The proposed priority regulatory outcomes published for consultation, which would replace narrower national enforcement priorities developed since the Rogers review of 2007, are to:

  • Protect the environment for future generations by tackling the threats and impacts of climate change
  • Improve quality of life and wellbeing by ensuring clean and safe public spaces
  • Help people to live healthier lives by preventing ill health and harm and promoting public health
  • Ensure a safe, healthy and sustainable food chain for the benefits of consumers and the rural economy, and
  • Support enterprise and economic growth by ensuring a fair, responsible and competitive trading environment.

“By setting outcome-focused priorities, local authorities are empowered to use local discretion and autonomy to select the most appropriate ways to meet the outcomes in their locality,” the consultation paper – available here – said.

It added: “Achieving better outcomes depends on the careful allocation of resources across a range of regulatory activities, such as advice and guidance, education and awareness campaigns, and intelligence sharing, not simply traditional enforcement.”

Local authorities – and their teams in trading standards, environmental health, licensing and fire safety – were also best placed to assess which tool, regulatory or not, would best achieve the priority outcome, it added.

The LBRO said the consultation document reflected the government's intention “to create the conditions to enable effective and accountable local delivery, while local authorities use their understanding of their communities to deliver the outcomes”.

It added that the selected priorities also reflected the issues about which local people and businesses are most concerned, “including the quality and safety of the local environment, quality of life issues such as housing, noise and anti-social behaviour, and the hygiene and safety of local retail outlets”.

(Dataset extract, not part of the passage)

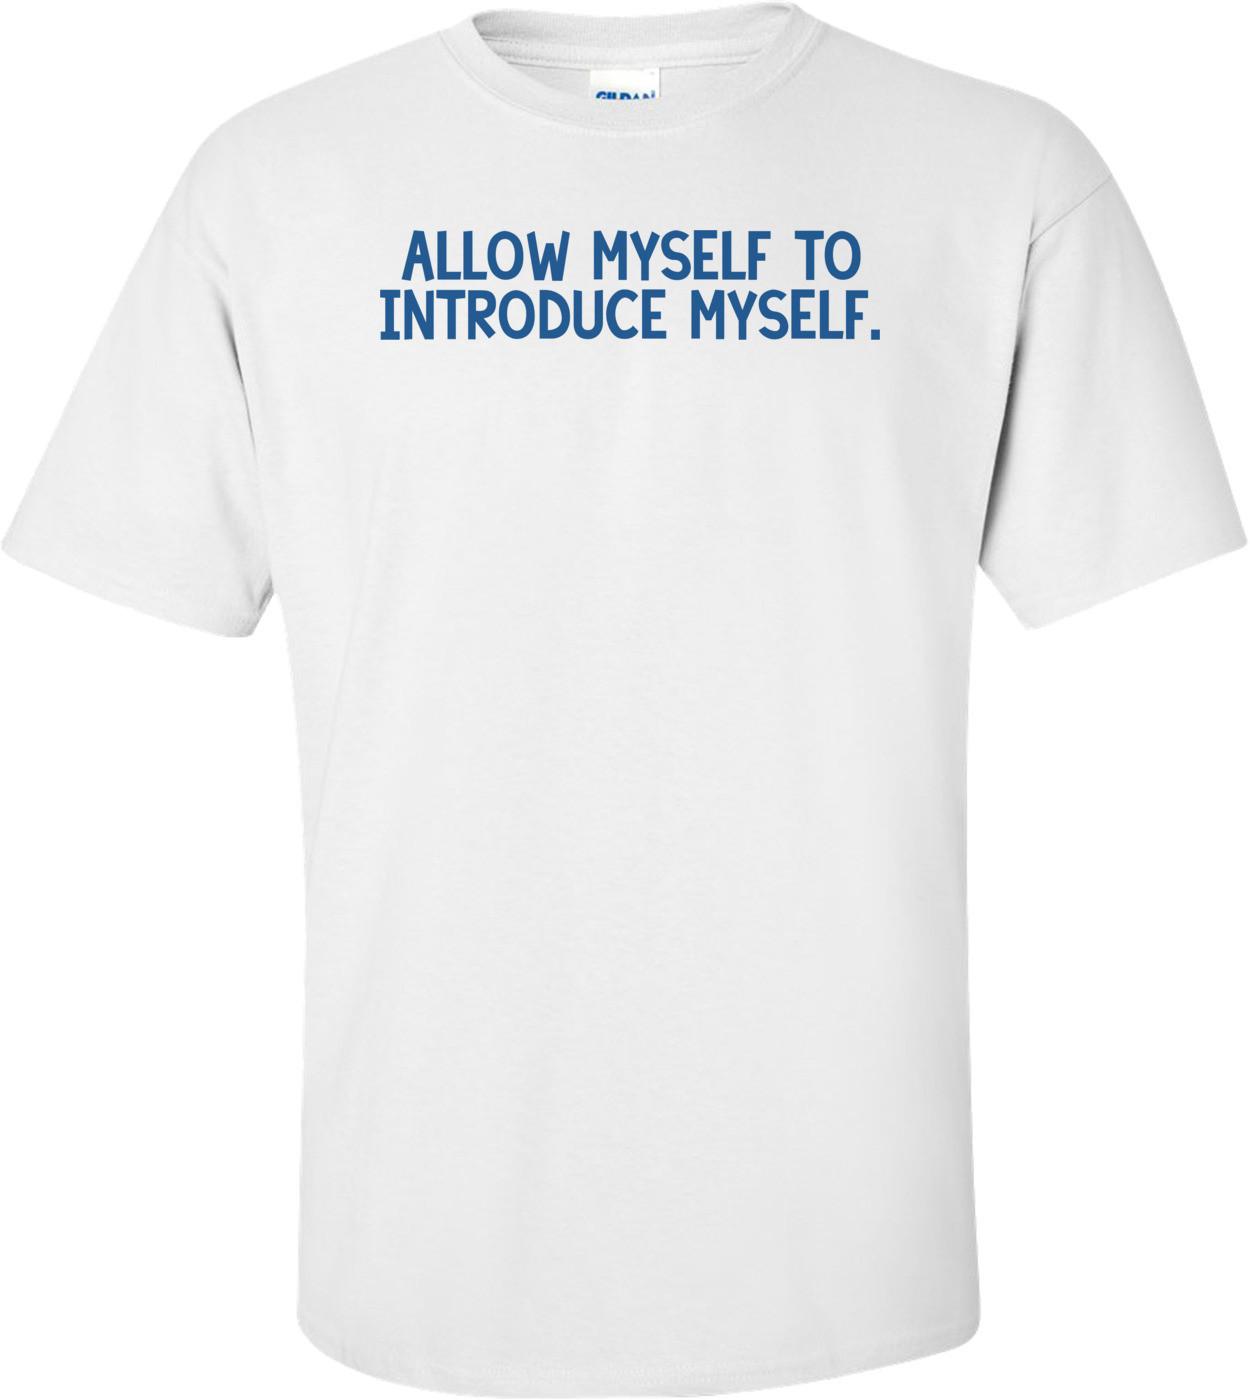 Allow myself to introduce myself. Shirt

LBRO chairman Clive Grace said: "Central government wants to devolve power, and local government wants to take it. So central government must not prescribe –instead it should simply create the conditions for local delivery and accountability to flourish.

"Priority regulatory outcomes… provide clarity about the outcomes that matter to Government and ensure that regulatory activity is focused on delivering them."

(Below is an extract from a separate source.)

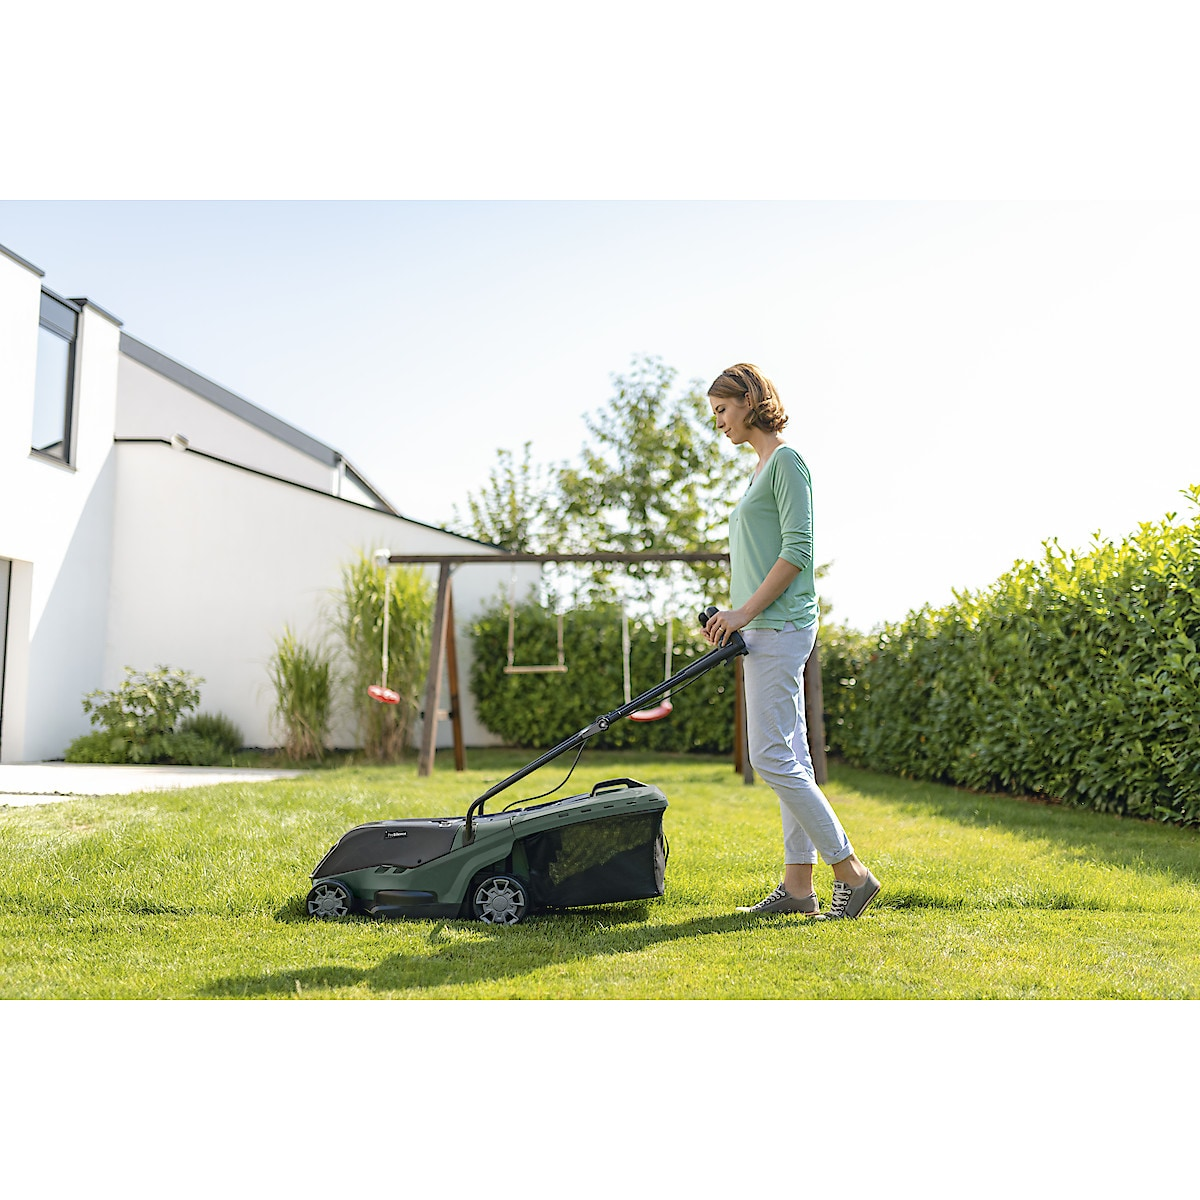 Bosch 36-670, 36 V, gressklipper

Business Minister Mark Prisk said LBRO’s successor organisation would work closely with local enterprise partnerships “to find the best way to tackle red-tape at a local level and share this knowledge”.

The Primary Authority scheme, which enables a business operating across council boundaries to form a partnership with a single local authority in relation to regulatory compliance, will continue to be promoted. In January the LBRO announced plans to pilot application of its principles to support for small businesses.

As well as administering Primary Authority, the new body will continue to look at simplification of the regulatory system. However, its third function – directly promoting improvement in the delivery of local authority regulatory services – will be discontinued. The body will, the government insisted, work to disseminate good practice.

Prisk said: “The endless rules and regulations that pour out from Government has choked off enterprise and stifled economic growth for far too long. Businesses, local enterprise partnerships and regulators have to work together to tackle local bureaucracy and find a solution that works for everyone.

“This new organisation will be the driving force to make sure that happens. That way we are freeing businesses to concentrate on what matters; strong local economic growth that is not restrained by red tape.”

DBIS said the results of the LBRO review had been welcomed by the Welsh Assembly Government. “These proposals will mean continuity for further work to secure efficiency and innovation within the public sector in Wales, benefiting both citizens and businesses,” it added.